--- TASK OBJECTIVE ---
Drop the pictures; give again exactly the lines from the one holding "storia di netflix degli aumenti di prezzo." through the end of the data.

--- DATA ---
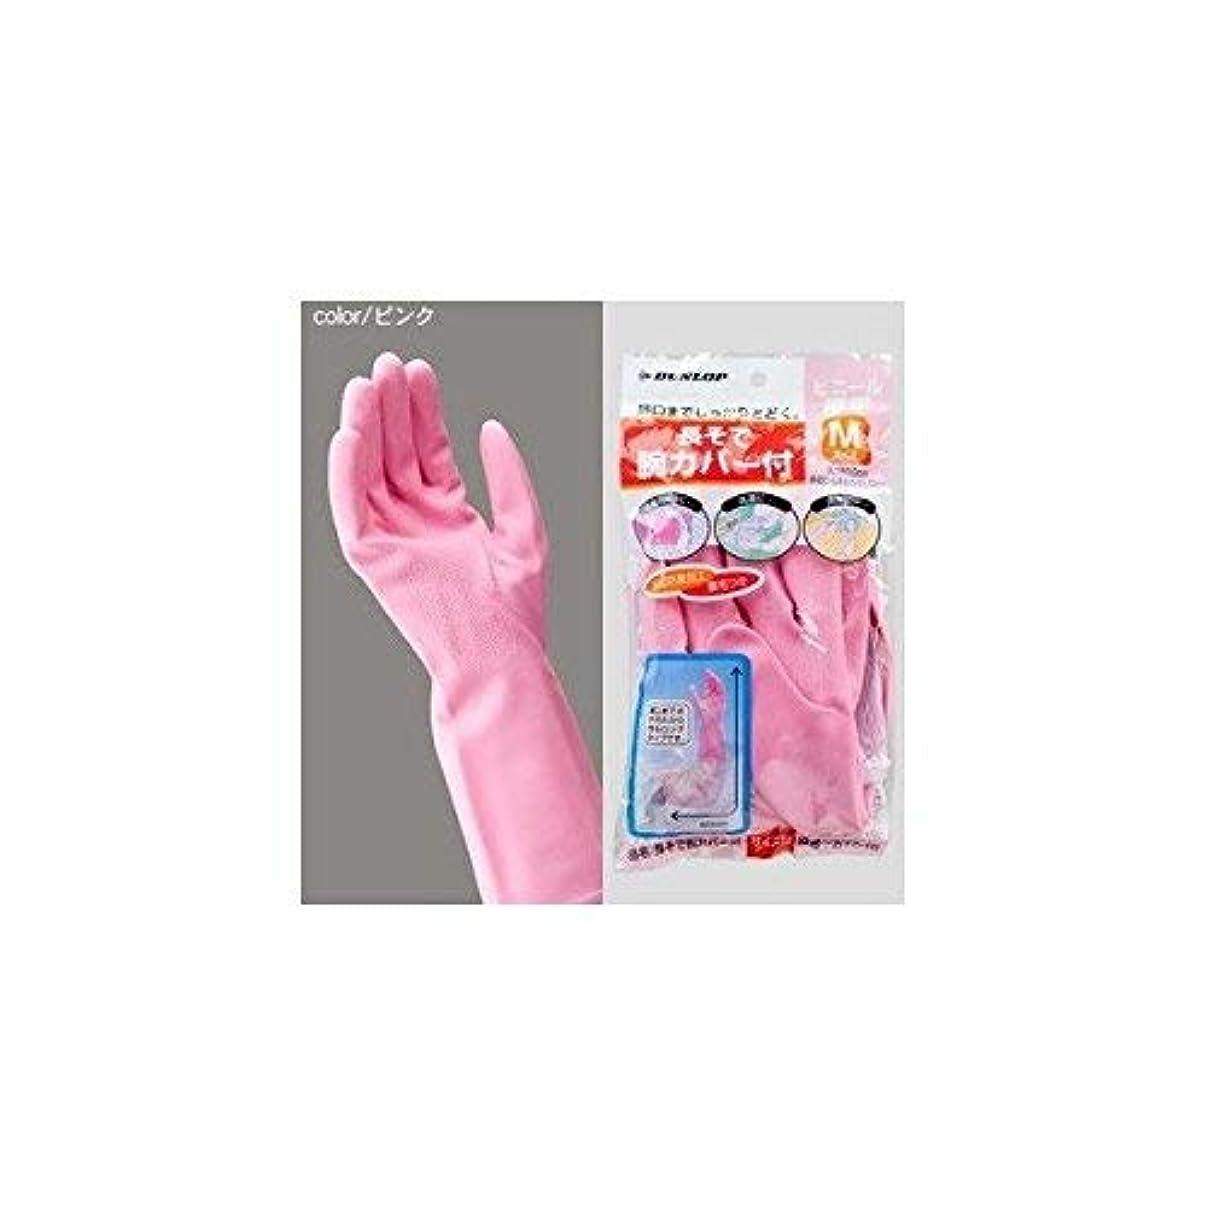 一緒に修正植生ダンロップ ビニール手袋 厚手腕カバー付 M ピンク ×30個
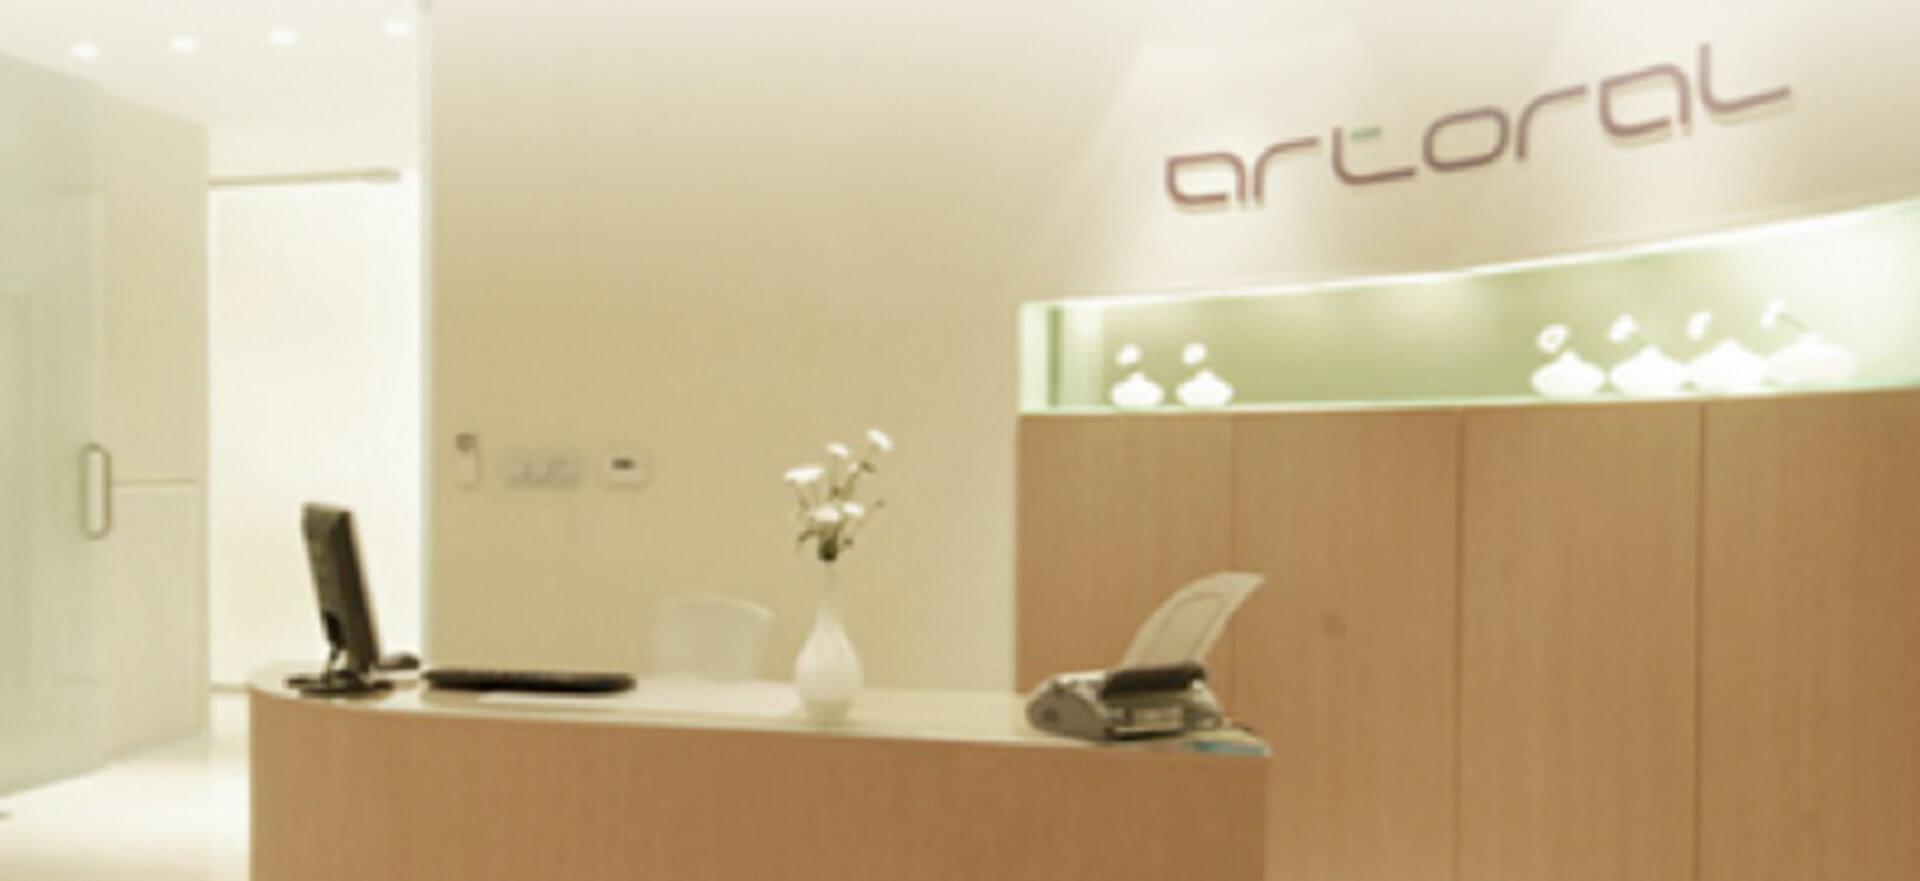 Artoral Dental Center
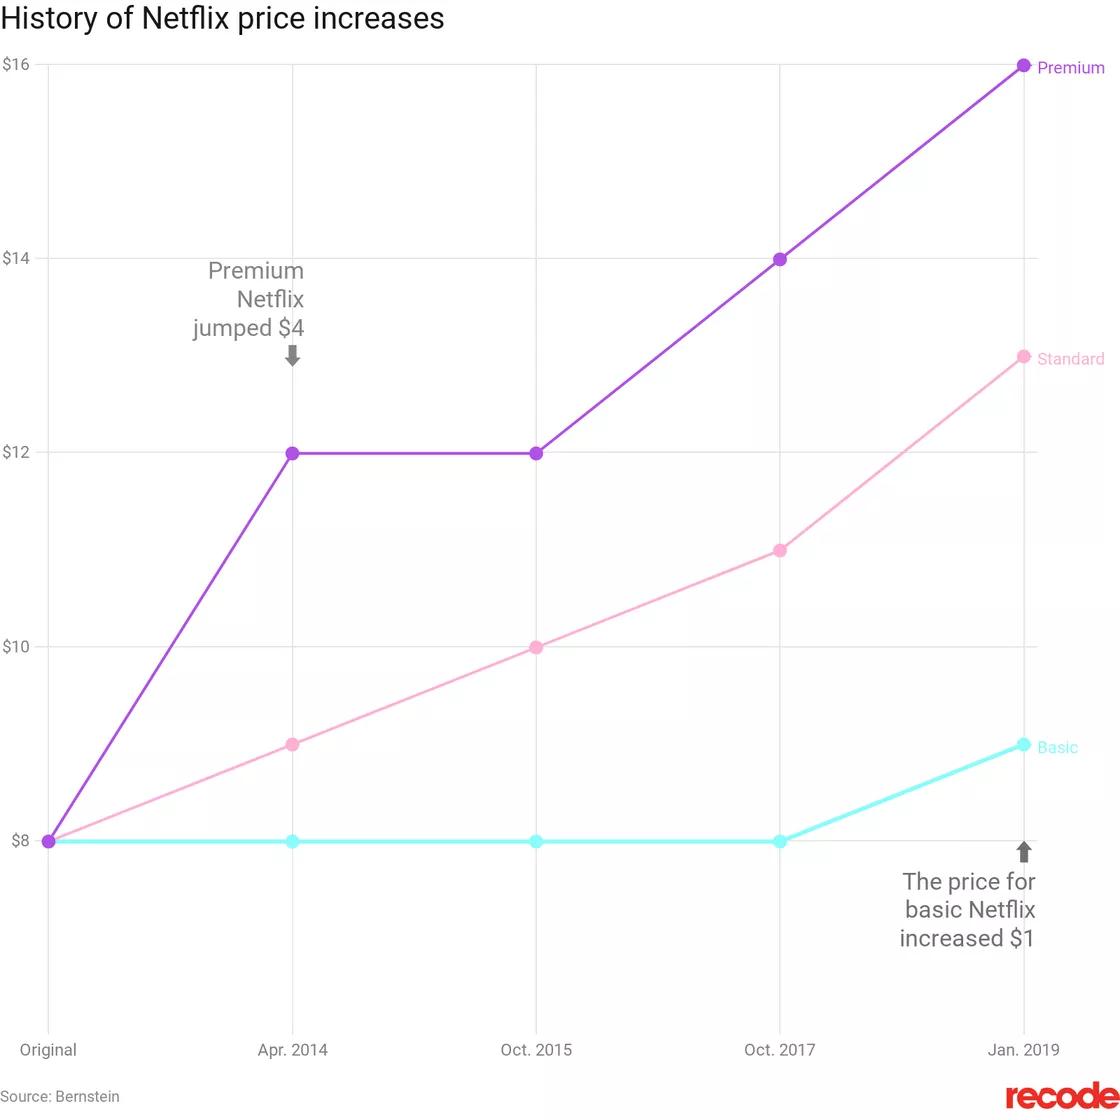 storia di netflix degli aumenti di prezzo.
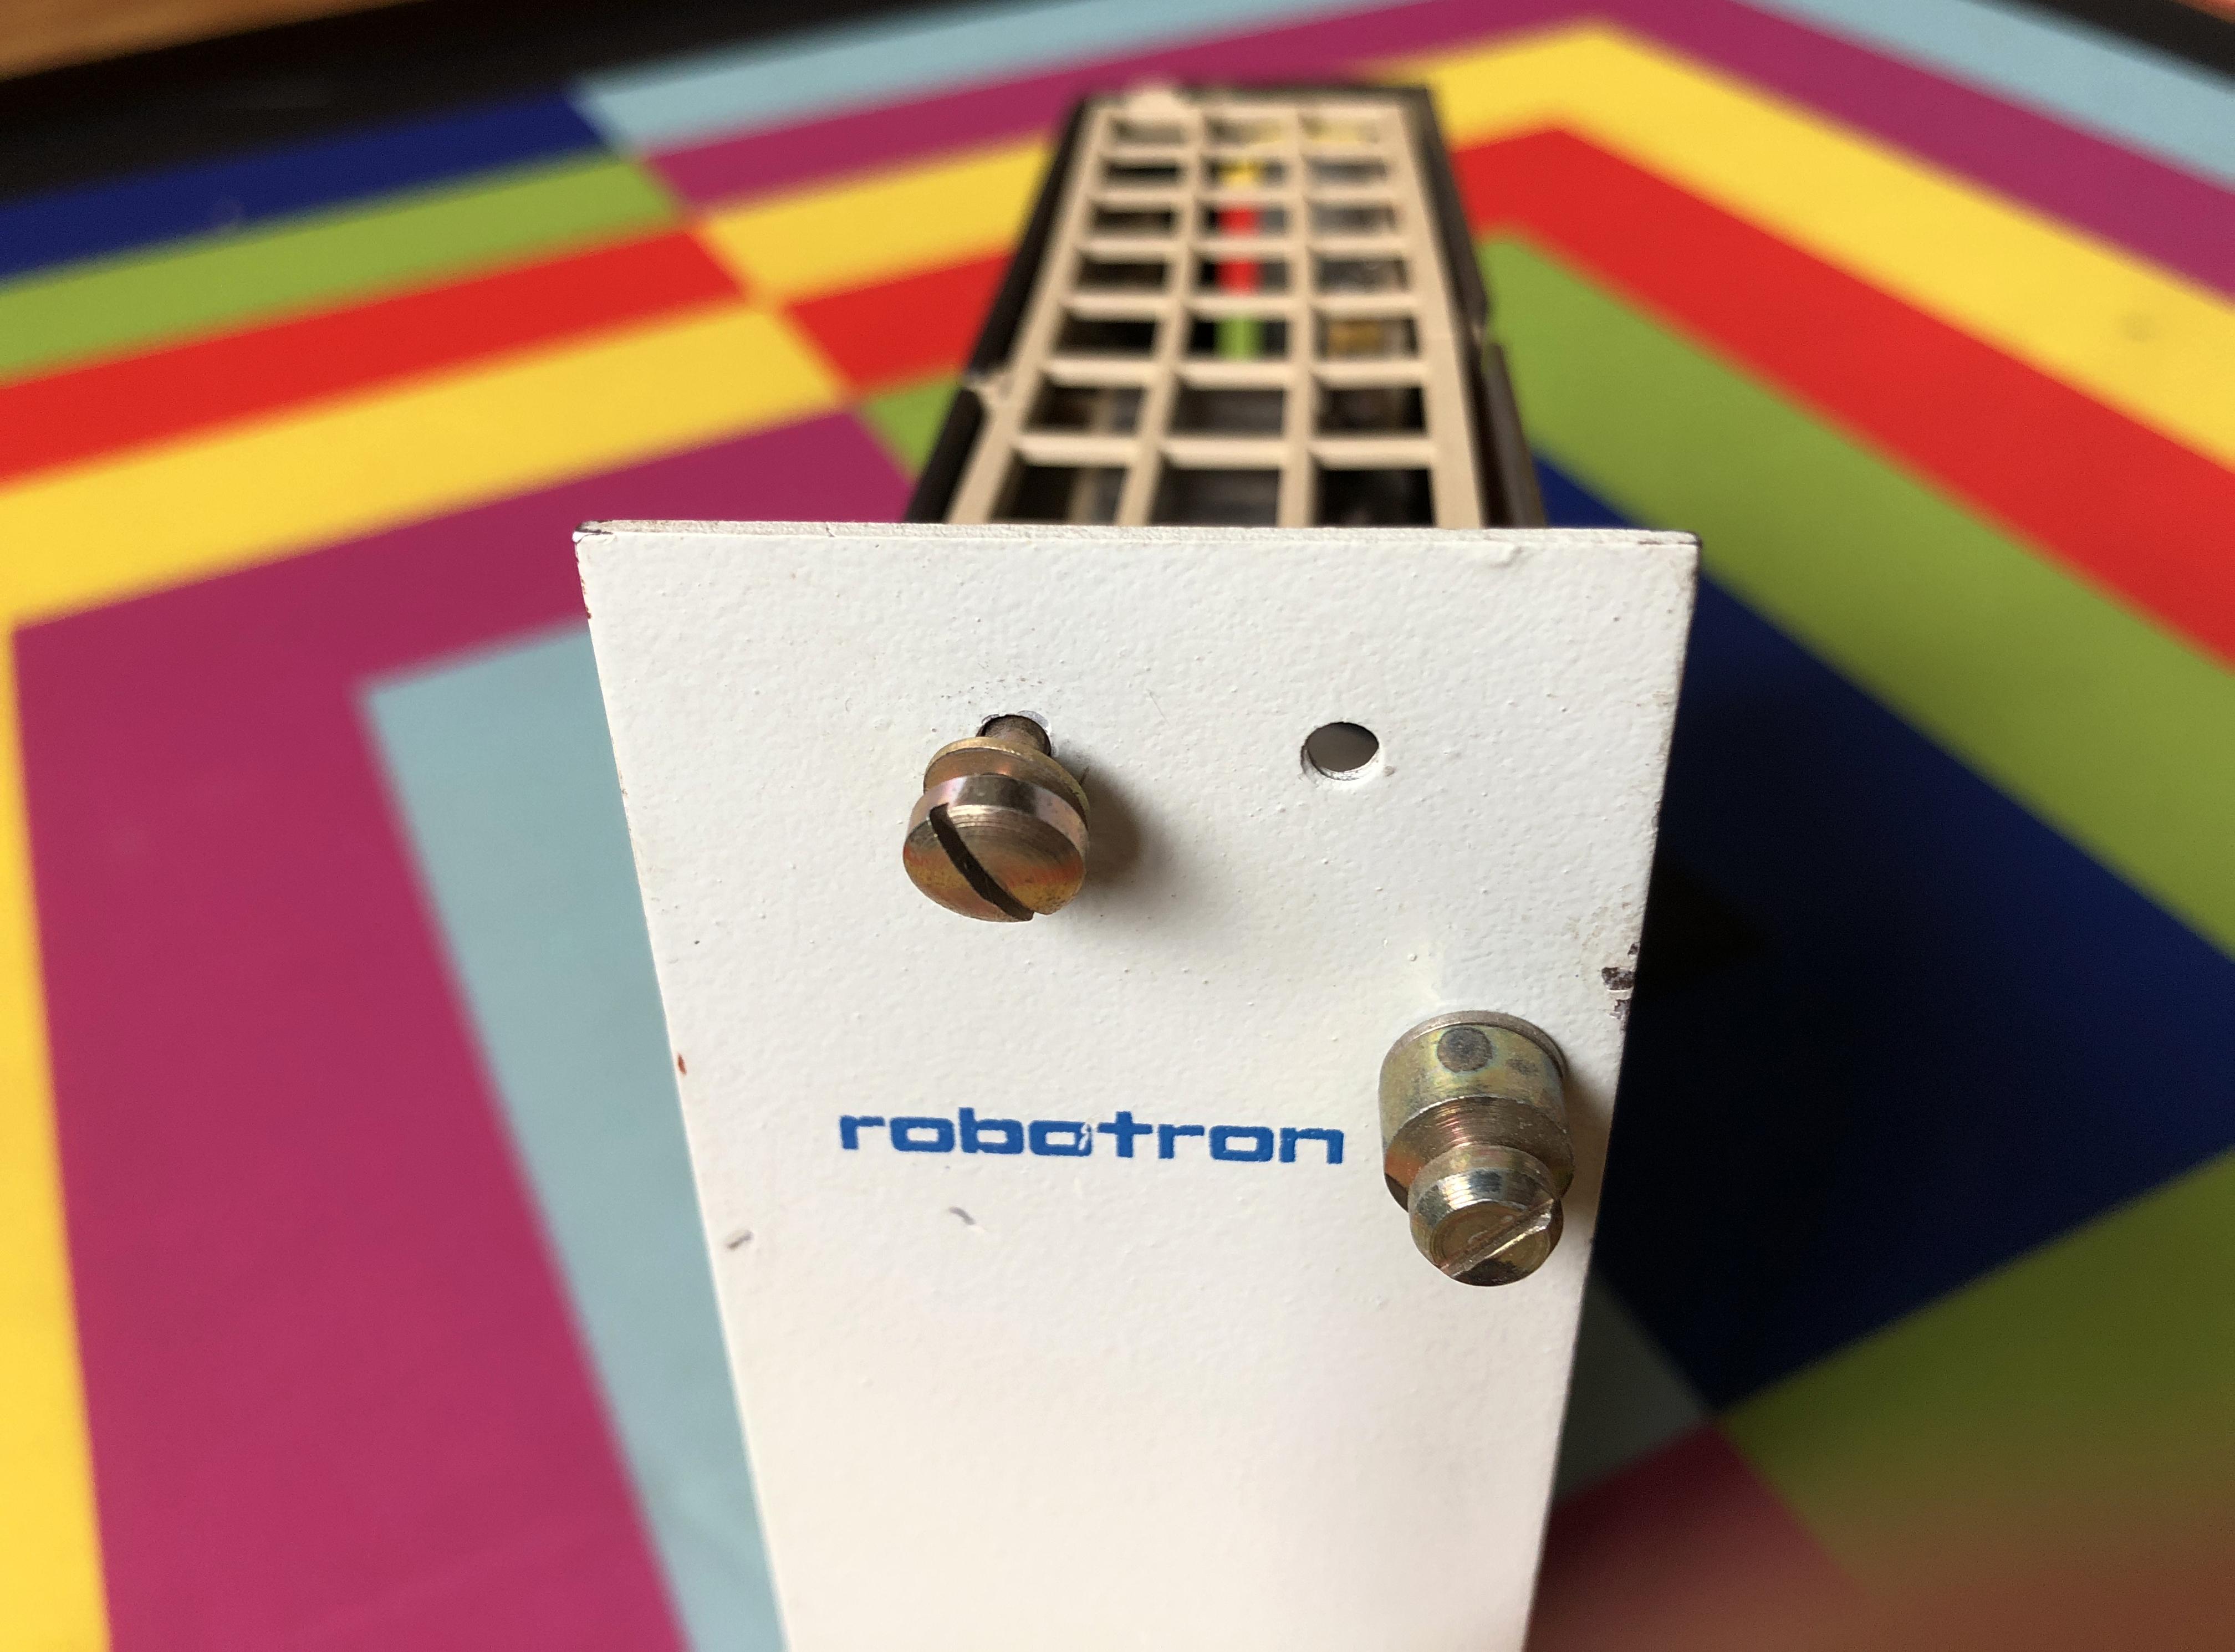 robotron-1-3.jpg

--- TASK OUTPUT ---
 storia di netflix degli aumenti di prezzo.
 robotron-1-3.jpg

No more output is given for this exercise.